Directions
Exclude the pictures. Transcribe exactly, and only, the lines from the one holding "The Descent/The Descent: Part 2 - 1" to the end of the material below.

**** Data segment

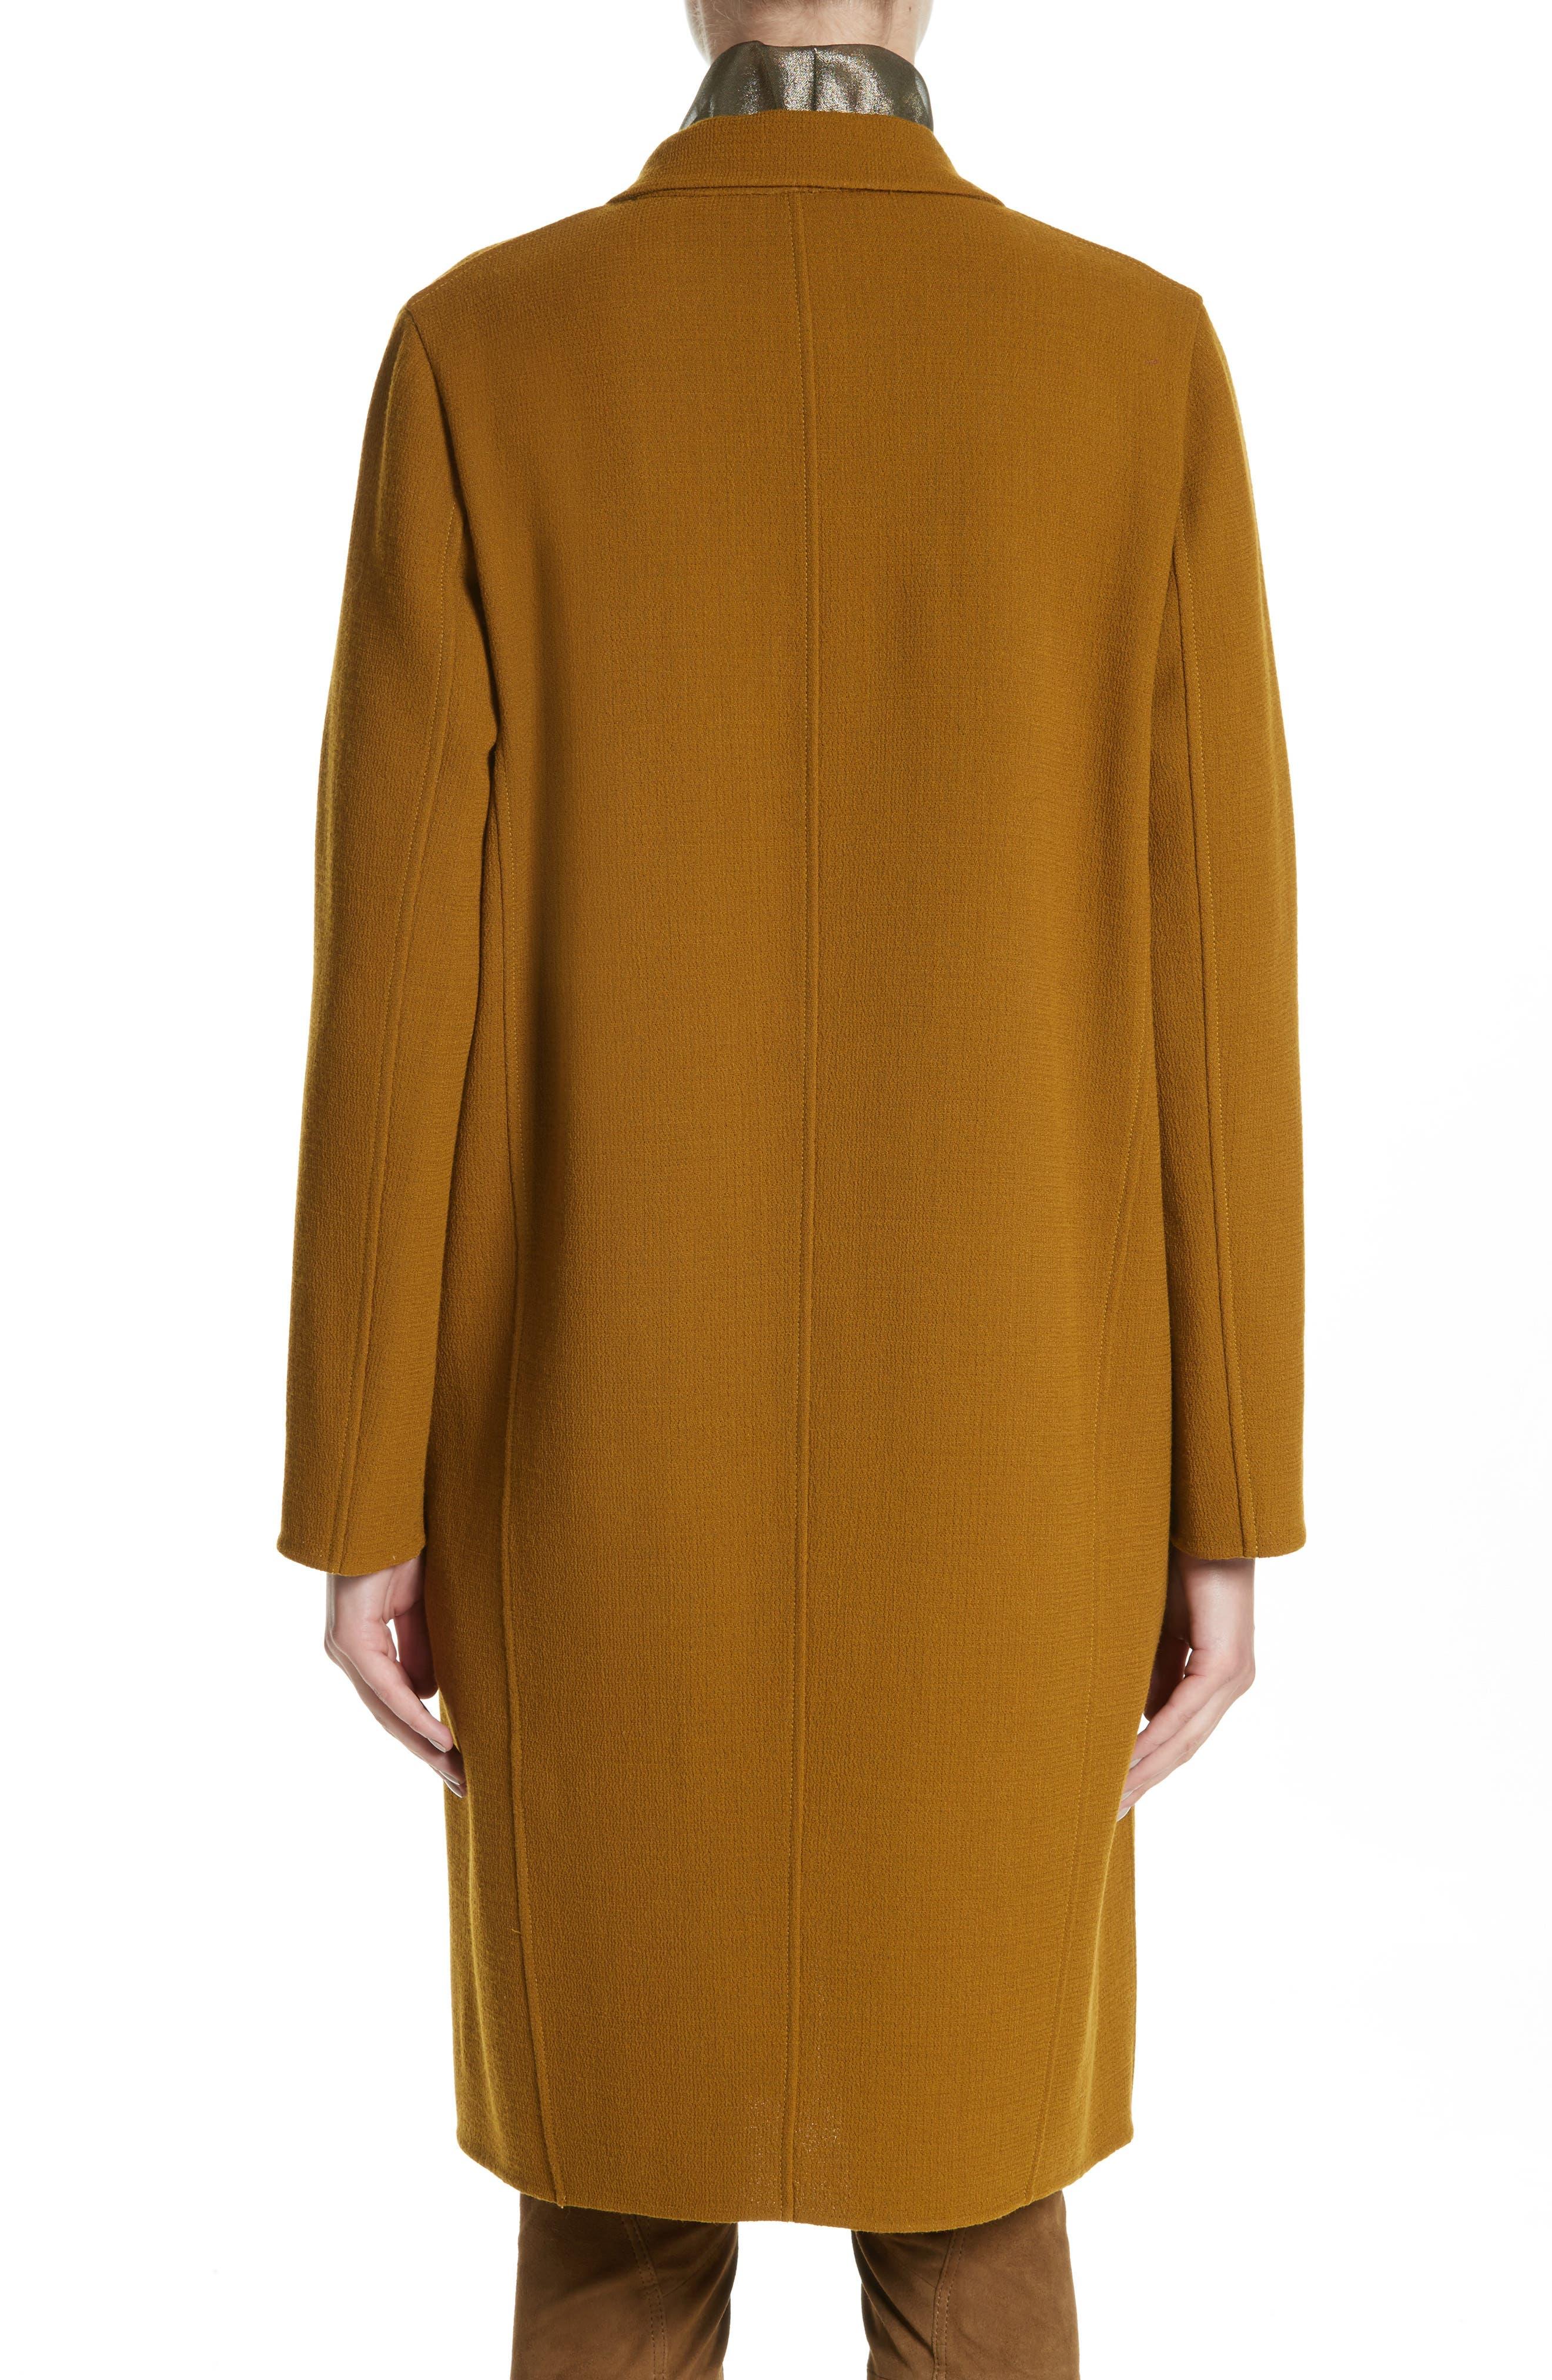 Alternate Image 2  - Lafayette 148 New York Jolina Nouveau Crepe Jacket
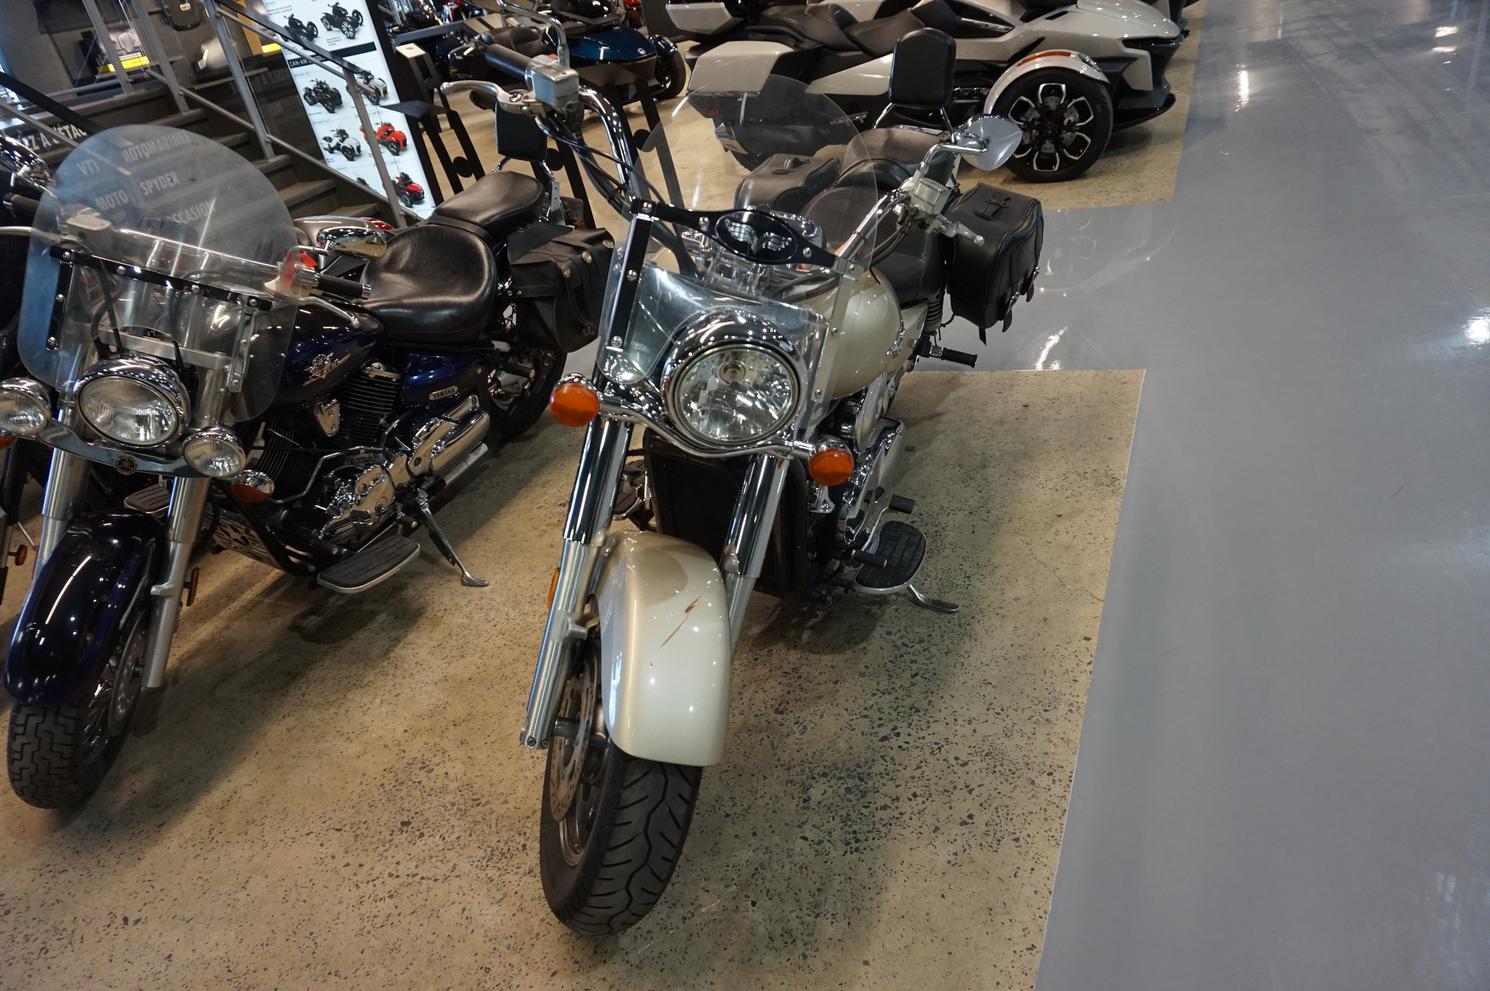 2005 Kawasaki Vulcan 1600
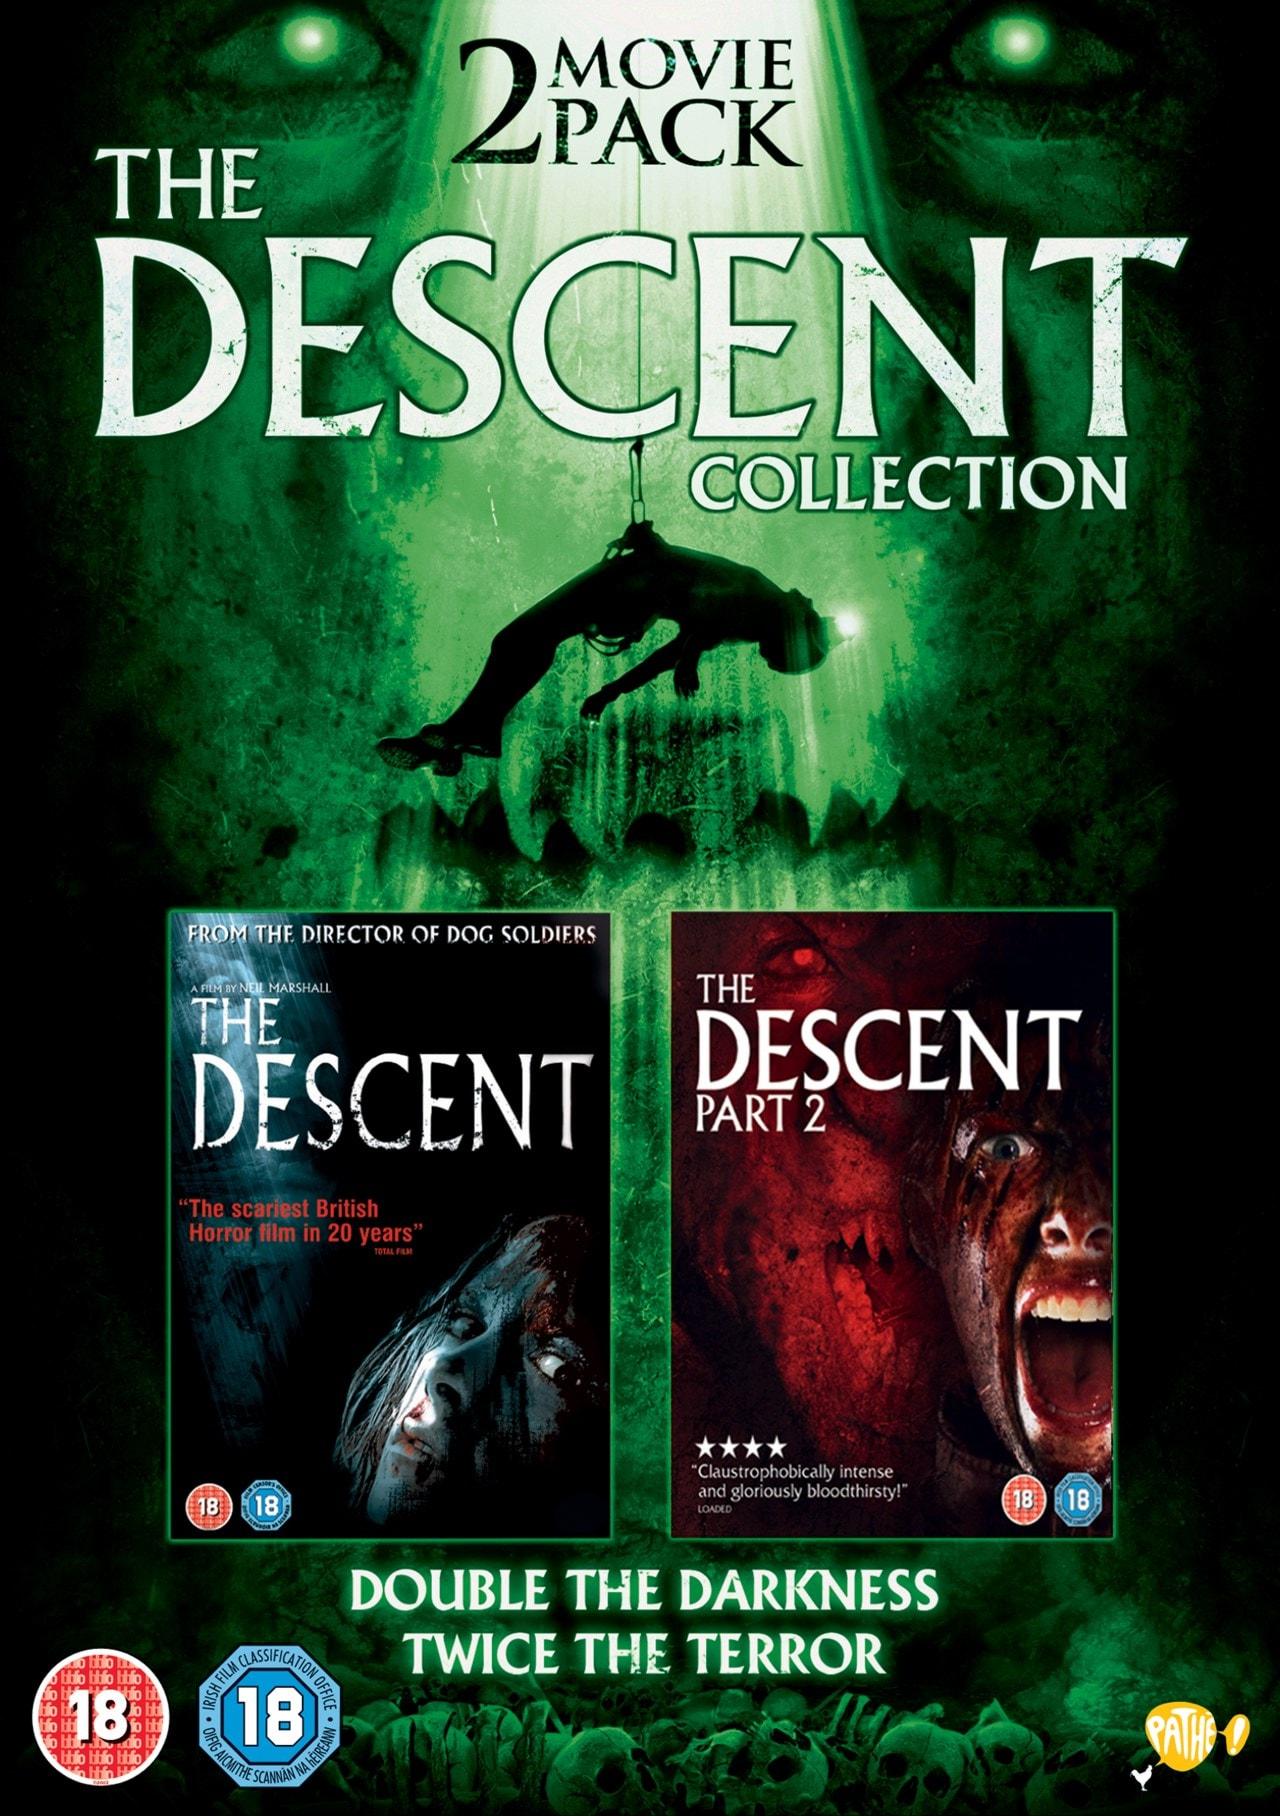 The Descent/The Descent: Part 2 - 1
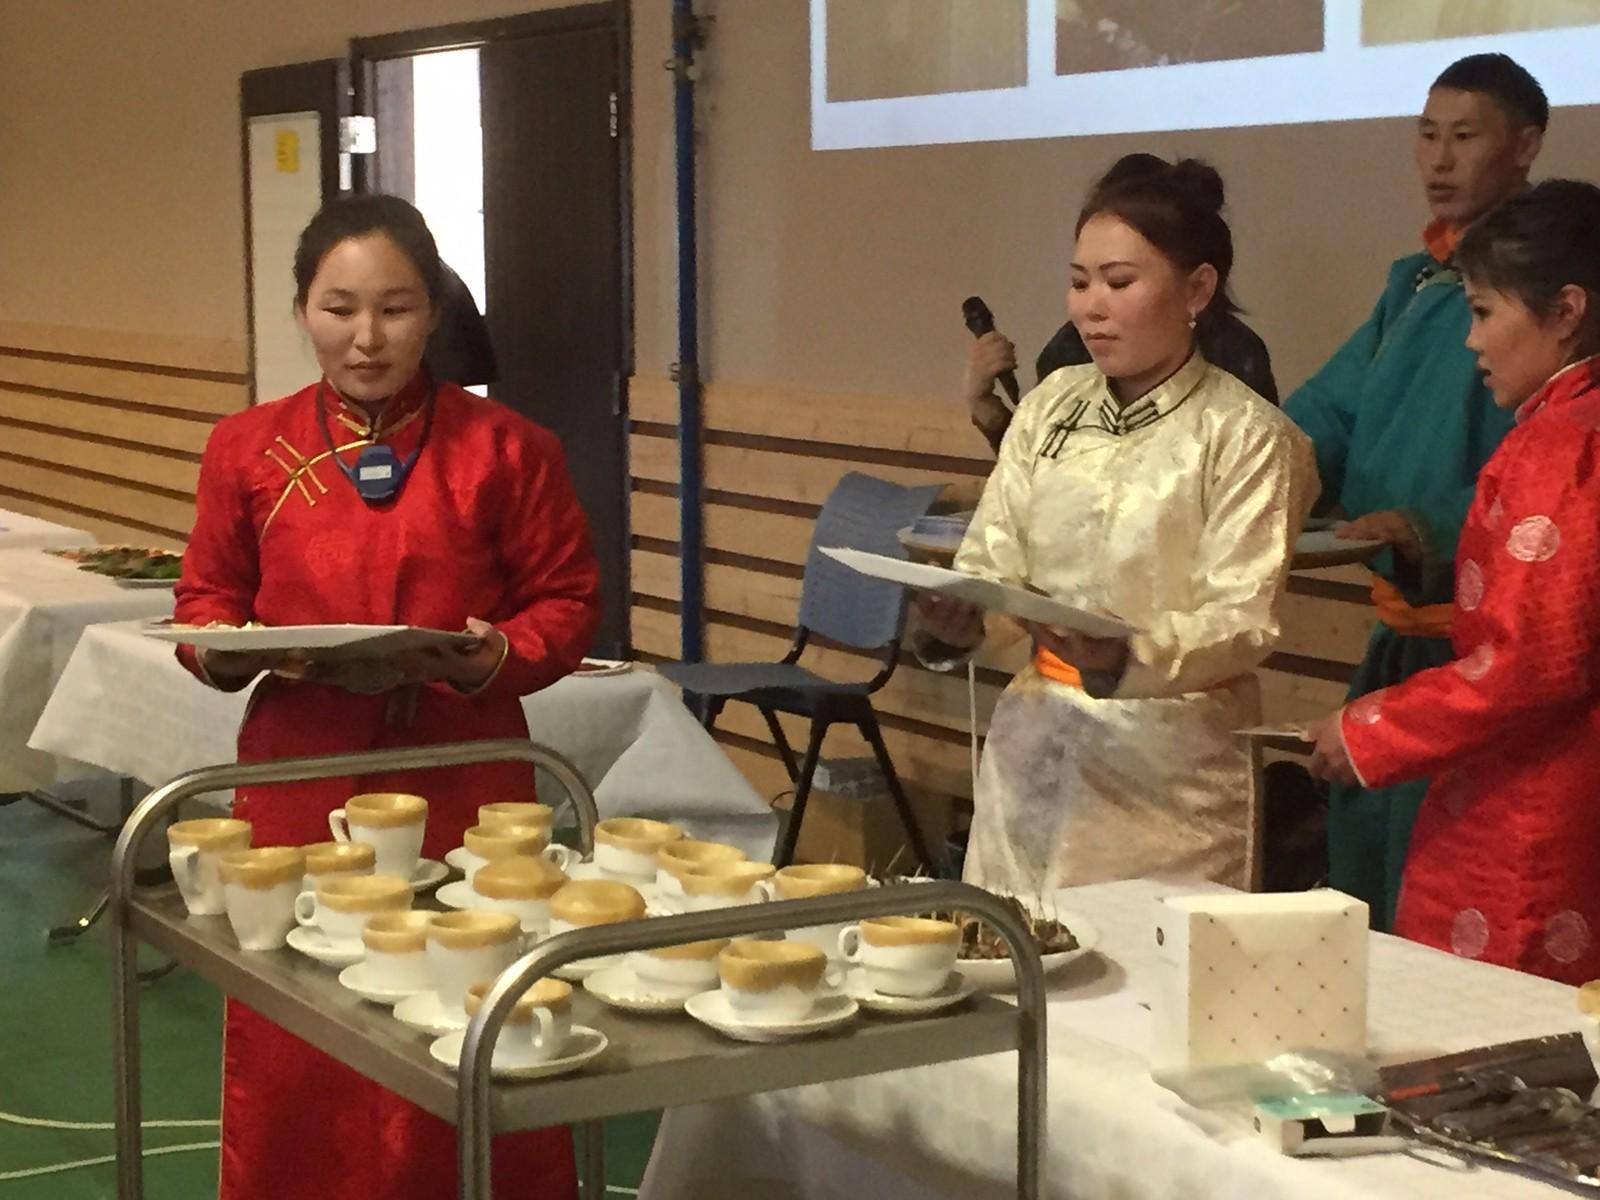 Dukha-folket serverer dumpling in a bowl

********

Solution
 The Descent/The Descent: Part 2 - 1
 Dukha-folket serverer dumpling in a bowl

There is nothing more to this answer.